As I predicted in my previous post on the iPad & iPhone and multitasking, Apple is adding multitasking-like support to iPhone OS 4. And as I wildly speculated, that support is largely (although not completely) in the form of background services. Let's take an initial look.

First, as I wrote in my previous post, both the iPad and iPhone support multitasking today. At the system level, many processes run concurrently, and Apple-provided applications are allowed to multitask. What we are discussing here when we say "multitasking" is specifically the ability for third-party applications to multitask.

Second, this is a very early look at what Apple announced at today's event, which is still going on as I type this. Thus, cut me some slack. Developers should consult more detailed documents, which ought to crop up over the next few days and weeks.

What did Apple announce? A lot of spin, actually, but also two simple features. These features do not allow third-party applications to multitask. That is, on iPhone OS 4, as with now, only one applications runs at a time. What these new features do enable is functionality that fulfills many of the same use cases as multitasking. Let's look at them:

Services. Apple is adding a set of service APIs that allow background processes access to a subset of the device's functionality. Such services have access to, at least, notifications, geolocation, deferred computation, VoIP, and media playback.
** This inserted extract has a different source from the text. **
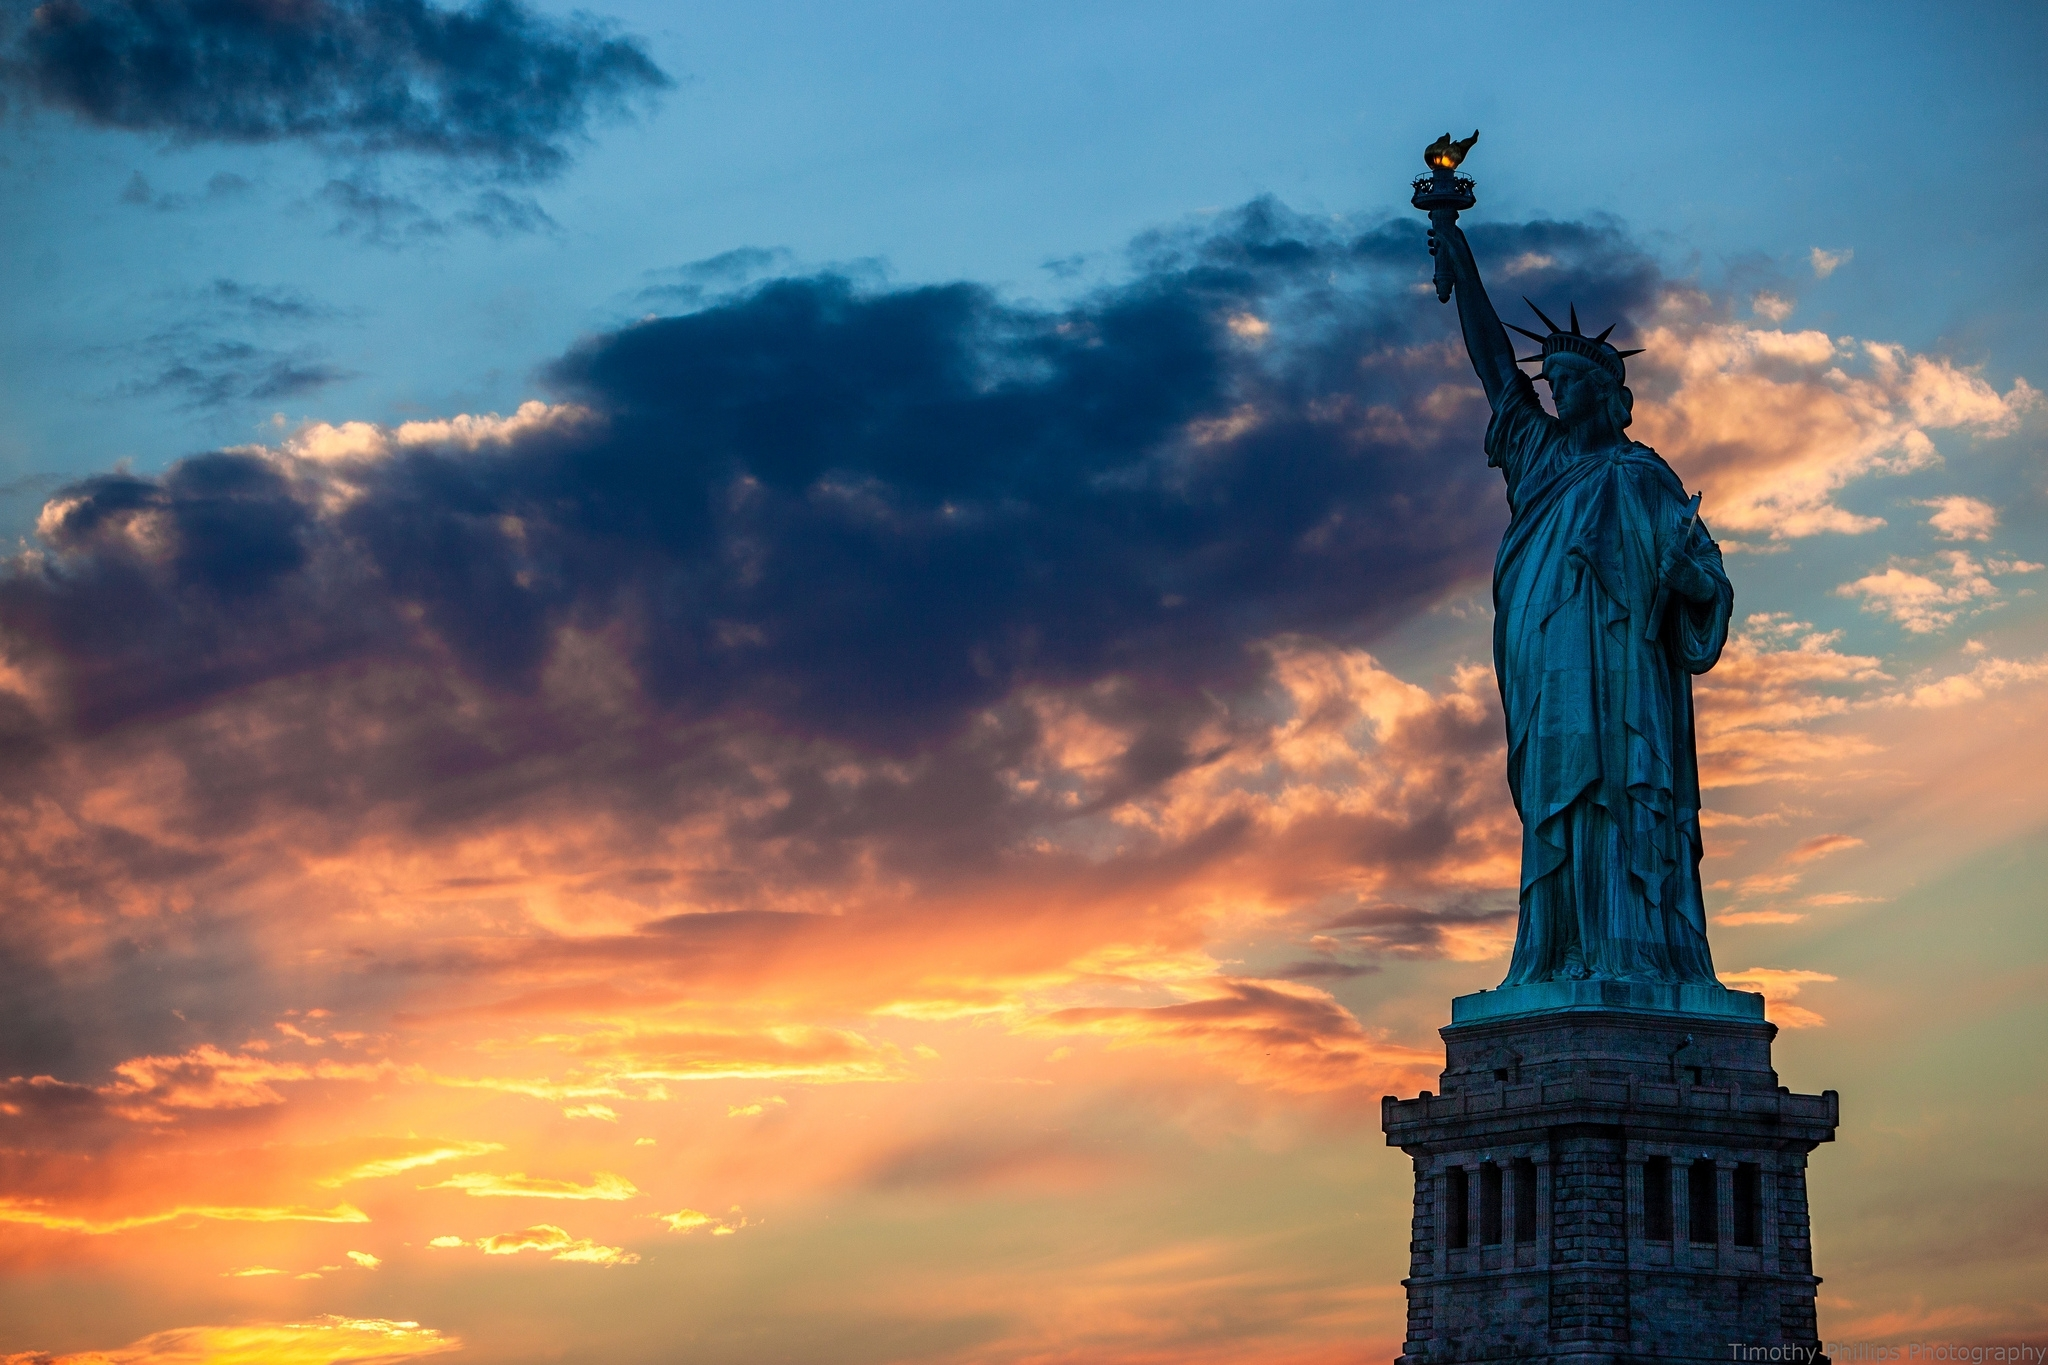 statue of liberty full hd fond d'écran and arrière-plan | 2048x1365

Having a service API limits the ability of background applications to run errant and destroy battery, but that is not a primary concern. As I stated in my previous post, the real concern with multitasking on an embedded, swapless device is memory consumption. Battery life is a straw man. So how do services solve the memory consumption problem? Alone, as described in the event, they don't. But iPhone OS will continue to kill applications that leave the foreground. Thus, applications will need to be refactored to provide a background component that only uses the new Service APIs. Without the risk of unbounded multitasking, memory pressure is greatly relieved.

Serialization. This was tacked onto the end of the discussion of the new services API, as if it was another service. But it is not. Described as "fast app switching" during the event, this is essentially a serialization API. When apps exit, they may choose to save their state to the backing store. When they restart, they reload this state. iPhone OS provides a simple object serializer today, called NSCoder. It is unclear if Apple is just pushing for better use of this class, or if they are adding additional APIs to make serialization both easier and more powerful. Either way, this will make it appear as if applications are actually multitasking—even though they are not—by allowing them to recover their exact state on restart.
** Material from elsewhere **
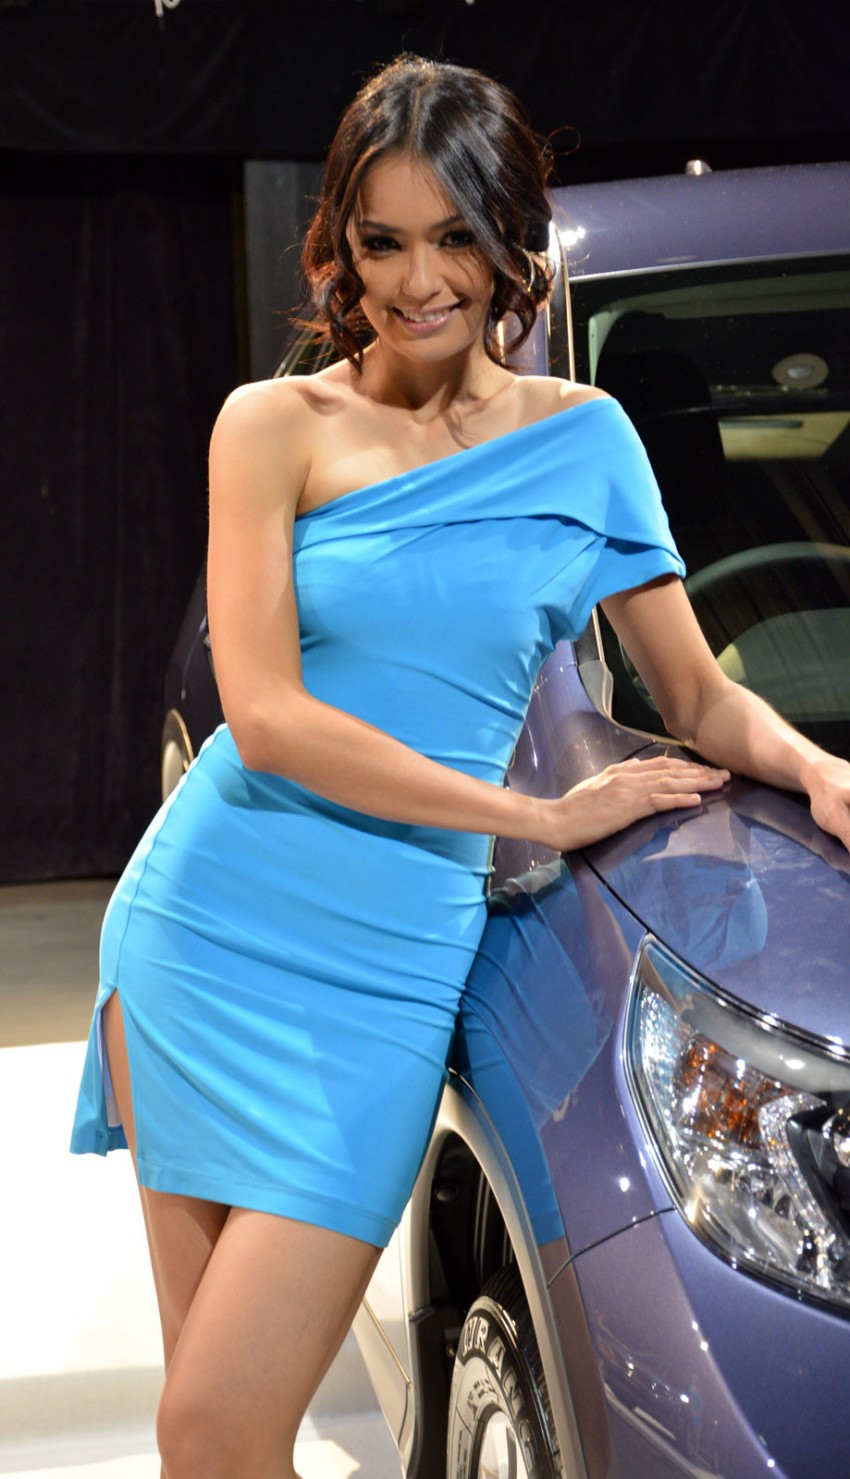 Honda CR-V launched – 2.0 litre, CKD, RM148,800 Image #159146

So what about these solutions is "gonna be the best?" Nothing. In fact, what was announced is not even multitasking. Moreover, the new functionality isn't anything that other platforms don't offer today. Android, for example, provides excellent support for both of these features via Services and Bundles, respectively. The new iPhone APIs are not novel. But, despite the spin, that isn't what matters. All that matters is the user. If these APIs are sufficiently robust, they will benefit the user by enabling developers to make better apps.
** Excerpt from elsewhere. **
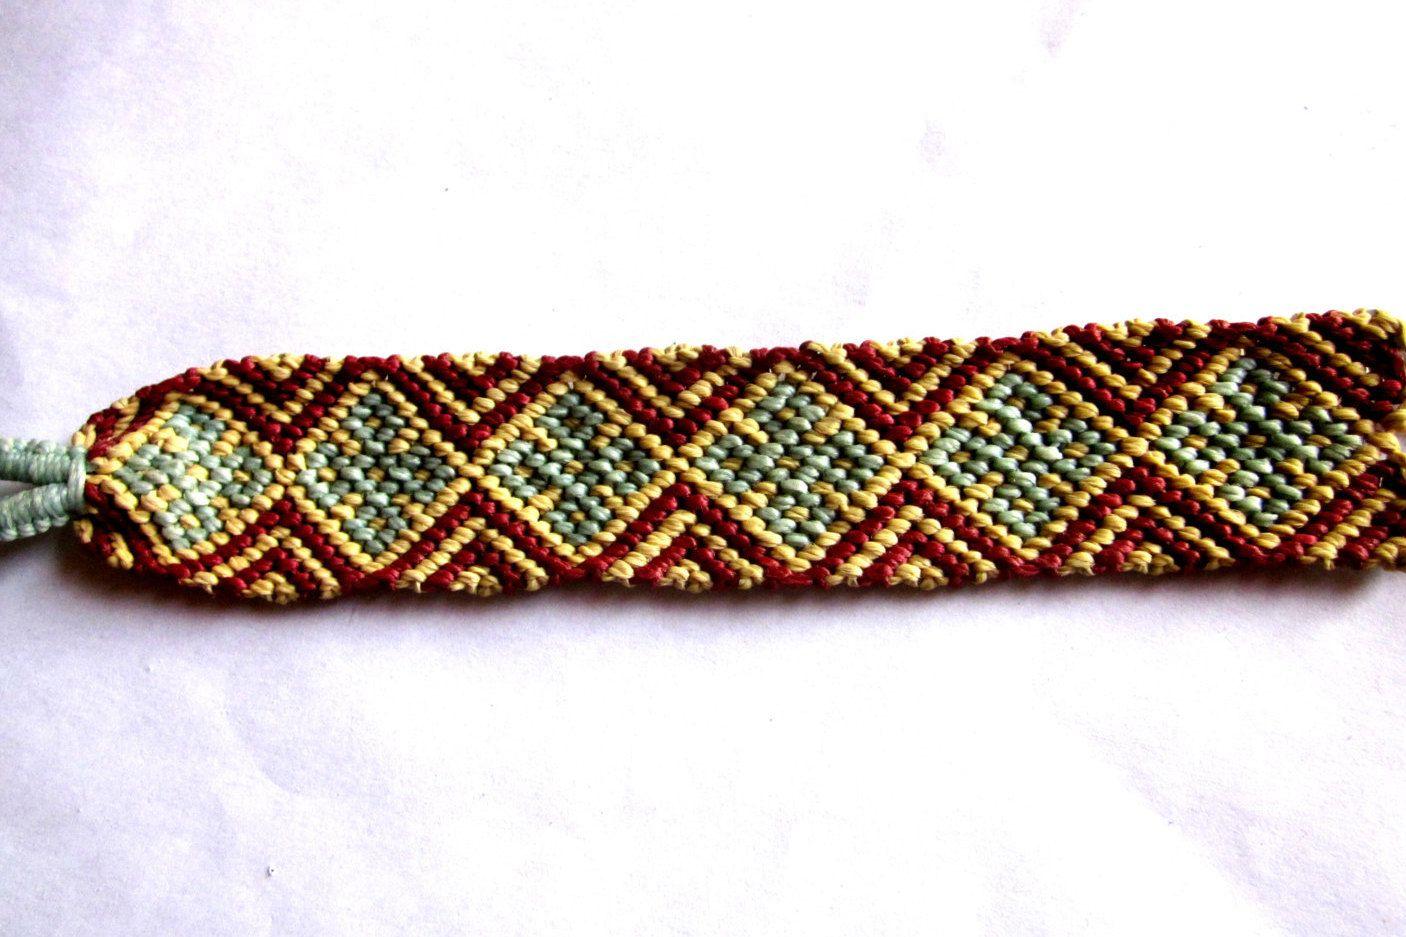 Stars and Diamonds Woven Friendship Bracelet by TheGringaHippie on Etsy

One difference between Android and iPad & iPhone is that Android does not kill applications on task switch. The iPad & iPhone will continue to do so. Thus, in some sense, Android has a third solution to application multitasking: We allow apps to actually multitask until the system experiences memory pressure, at which point our OOM killer is able to kill applications in least-recently-used order. Then, our serialization solution kicks in, making their reload transparent to the user.